A maior especialidade do Governo de António Costa é aligeirar responsabilidades e encontrar desculpas para a sua incompetência ou incapacidade. Se Passos Coelho e o Governo que tirou Portugal da bancarrota eram o “bode expiatório” habitual, fazendo António Costa e o Partido Socialista tábua rasa do período socrático da bancarrota em que o próprio e a esmagadora maioria do seu governo foram cúmplices, agora a nova desculpa são as alterações climáticas.
A rutura dos diques do Mondego e a falta de limpeza de diversos sistemas existentes para proteger vilas, aldeias e culturas das sistemáticas subidas de nível das águas fluviais não são mais do que consequência da falta de investimento público, da falta de planeamento, da falta de manutenção dos equipamentos e da incúria de diversas entidades e empresas, públicas e privadas. Mas, como habitualmente, o Governo surgiu com o discurso alinhado para a “inevitabilidade” desta catástrofe face às tão úteis alterações climáticas recuperando o discurso do pós-Pedrogão do “nada podíamos fazer face à força da natureza”. Culpando a natureza e a mudança climática tudo se torna mais aceitável e o erro humano, político e institucional passa despercebido.

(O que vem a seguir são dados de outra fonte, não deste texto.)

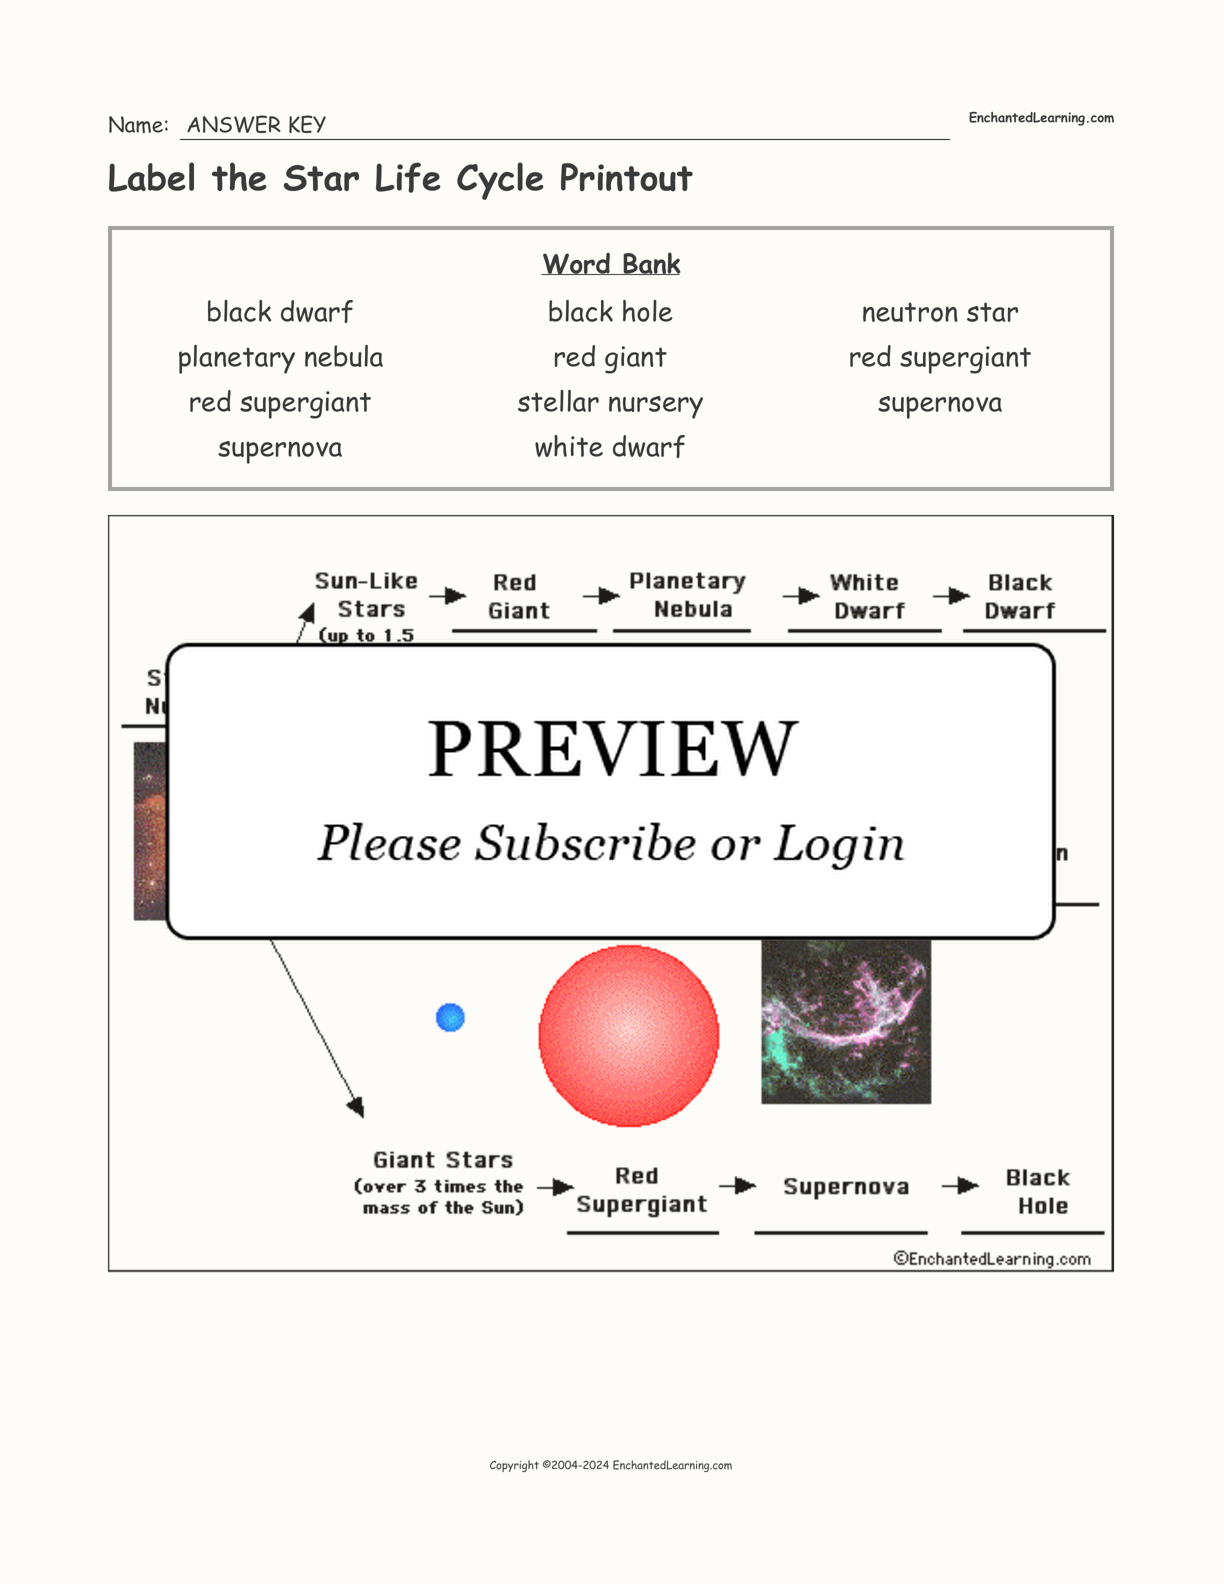 Label the Star Life Cycle Printout interactive worksheet page 2

Apesar das alterações nos comandos da proteção civil, locais e regionais, a substituição de comandantes experimentados por imberbes militantes socialistas, a tardia ativação de meios aéreos de combate (tragédia de Pedrogão ocorreu ainda em junho) e o não prolongamento do período critico (tragédia de 11 Outubro na região de Coimbra e Viseu), apesar de todos os avisos face ao calor desse verão, a responsabilidade pelas tragédias de 2017 foi rapidamente atribuída às alterações climáticas. Tal como agora nas consequências das cheias.
As alterações climáticas são uma realidade que importa não ignorar, mas não surgem de surpresa e compete ao Estado e ao Governo adaptar a resposta a estas realidades, antecipar problemas e preparar atempadamente as respostas. Que eu saba, as alterações climáticas não têm culpa da falta de manutenção das sargetas, dos buracos nos diques etc etc etc. Curiosamente, muitos dos que agora mais falam sobre alterações climáticas são os mesmos que foram negligentes com a poluição no rio Tejo, no rio Nabão, que não fiscalizam as pedreiras, que atribuem concessões de lítio em reserva natural, que financiam empresas condenadas por poluição, entre muitas outras contradições.
Bem sei que a falta de manutenção de alguns equipamentos infraestruturas não é de hoje nem é uma responsabilidade de apenas um governo. Pensava que o país tinha aprendido com a tragédia de Entre-os-Rios mas afinal não. Há investimentos que não são adiáveis ou negligenciáveis e escrevo este artigo porque me revolta ver decisores políticos a tentarem ignorar a realidade e a mascarar as suas/nossas responsabilidades culpando a mãe natureza. É o caminho mais fácil, mas o mais irresponsável.
Quando ontem ouvia a senhora Ministra da Agricultura a culpar as alterações climáticas pelo que se passou no Mondego, recordava um diferendo que tivemos quando a senhora era ainda autarca em Abrantes e que passo a contar. O açude insuflável que existia no rio Tejo entre Abrantes e o Rossio não funcionava há vários meses. Verificada a situação, que prejudicava também a passagem de peixe que subia o rio, a então autarca mandou dizer o que “açude estava em baixo por solicitação da Infraestruturas de Portugal que fazia obras na ponte do Rossio ao Sul do Tejo localizada a montante. Cruzada a informação com a IP rapidamente percebemos que era mentira e que não havia qualquer indicação para tal no período em causa. Fomos verificar in loco e afinal o equipamento insuflável do açude estava danificado já que não era feita a manutenção porque o contrato com a empresa fornecedora do Município de Abrantes tinha caducado, se não estou em erro, dois anos antes. Pelos vistos o problema era mesmo a falta de manutenção e de investimento, tal como agora no Mondego.
O que compete a nós políticos é saber se fizemos tudo o que estava ao nosso alcance para evitar uma tragédia, mesmo que isso não a impeça. Mais uma vez, não fizemos. Podíamos não ter impedido as cheias em alguns locais, mas pelo menos os diques, as máquinas e as infraestruturas deveriam estar a funcionar para minimizar os danos causados. Uma motobomba de emergência não funcionar não tem desculpa nem é responsabilidade nem das alterações climáticas nem dos poluidores.
Nós seres humanos teremos alguma culpa pelas alterações climáticas, mas estas não podem ser o bode expiatório para a nossa incúria e irresponsabilidade em diversas outras matérias. Mais uma vez, alertas não faltaram, o que faltou foi mesmo a resposta aos avisos.
Aproveito para desejar a todos os leitores e à equipa do Expresso um Feliz Natal!